When Monet, his future wife Alice Hoschedé, and their combined brood of eight children moved to Giverny in April 1883, it was a tiny village of just three hundred inhabitants, situated at the confluence of the Seine and the Epte about forty miles northwest of Paris. Upon their arrival there, the family rented a large, pink stucco house on two acres of land, sandwiched between the main village road (now known as the rue Claude Monet) and the regional thoroughfare connecting Vernon and Gasny (the Chemin du Roy). The house boasted a kitchen garden and orchard in front and a barn to the west that Monet converted into a studio; it was only after he bought the property in 1890 that he initiated its ambitious and expensive transformation into the floral and aquatic wonderland that was so admired in his later years.
During the first few months that he spent at Giverny, Monet focused his attention on the familiar motif of the Seine, which had been the subject of so many of his paintings during the previous ten years. "It always takes a while to get to know a new landscape," he explained, with some trepidation, to Durand-Ruel (quoted in ibid., p. 19). Yet after returning to Giverny in April 1884 following a three-month trip to the Italian Riviera, Monet embraced the landscape near his new home whole-heartedly. Over the course of the next two years, he produced a remarkably diverse corpus of landscapes in every season, painting on the hill overlooking his house, in the village, on the roads leading to nearby towns, in the fields, and along the riverbanks. The journalist Georges Jeanniot, who accompanied Monet on an excursion into the countryside near Giverny in 1888, recalled, "He would stop before the most dissimilar scenes, admiring each and making me aware of how splendid and unexpected nature is... He is always working on two or three canvases at once: he brings them all along and puts them on the easel as the light changes. This is his method" (quoted in exh. cat., op. cit., 1978, p. 21).
In January 1885, the average temperature at Giverny was minus 6 degrees Celsius, and heavy snow blanketed the region, recasting the familiar landscape in shades of white, silver, and blue. Inspired by this wintry spectacle and undeterred by the harsh conditions, Monet rushed outdoors to paint, producing nine views of Giverny and its environs before the snow and ice had time to melt (Wildenstein, nos. 961-968). In a letter to Durand-Ruel, he exclaimed, "I am in the snow up to my neck; I have a whole series of paintings in progress. I have only one fear, that the weather may change" (quoted in Impressionists in Winter: Effets de Neige, exh. cat., The Phillips Collection, Washington, D.C., 1998, p. 34).

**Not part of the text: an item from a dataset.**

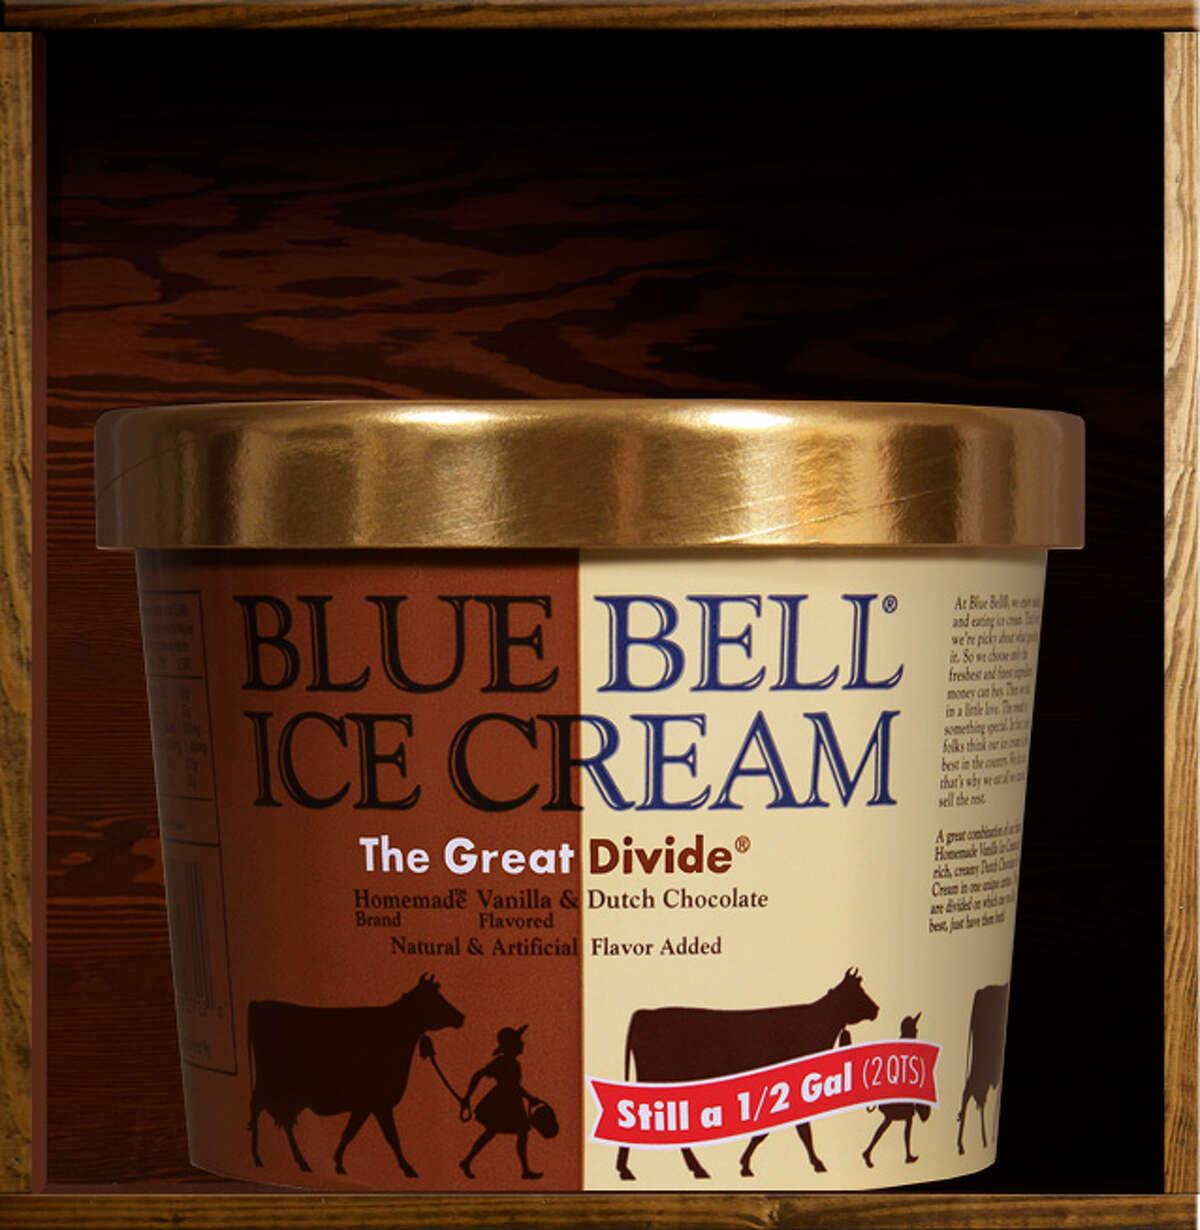 29. The Great Divide Blue Bell description:

The present painting is one of four closely related snowscapes from this month, all of which depict the main road entering Giverny from the east, with the first houses in town visible in the middle distance. The first canvas in the group shows the landscape swathed in pale gray, suggesting that snow may still be falling (Wildenstein, no. 965; fig. 1). In the next two paintings, including the present one, the snow has stopped, and the sun has begun to set (see also Wildenstein, no. 967). Vibrant hues of yellow, orange, and pink streak the sky and reflect on the snowy path below, contrasting with the cool blues and whites of the winter landscape and lending visual drama to the still, quiet scene. The final painting in the sequence depicts the site in bright sunshine, under a high blue sky. Monet apparently left this canvas unfinished in January 1885 and returned to it the following winter when snow fell once again, writing to Alice Hoschedé on December 10th, "I shall try to finish my roads to Giverny" (quoted in D. Wildenstein, op. cit., 1996, p. 359).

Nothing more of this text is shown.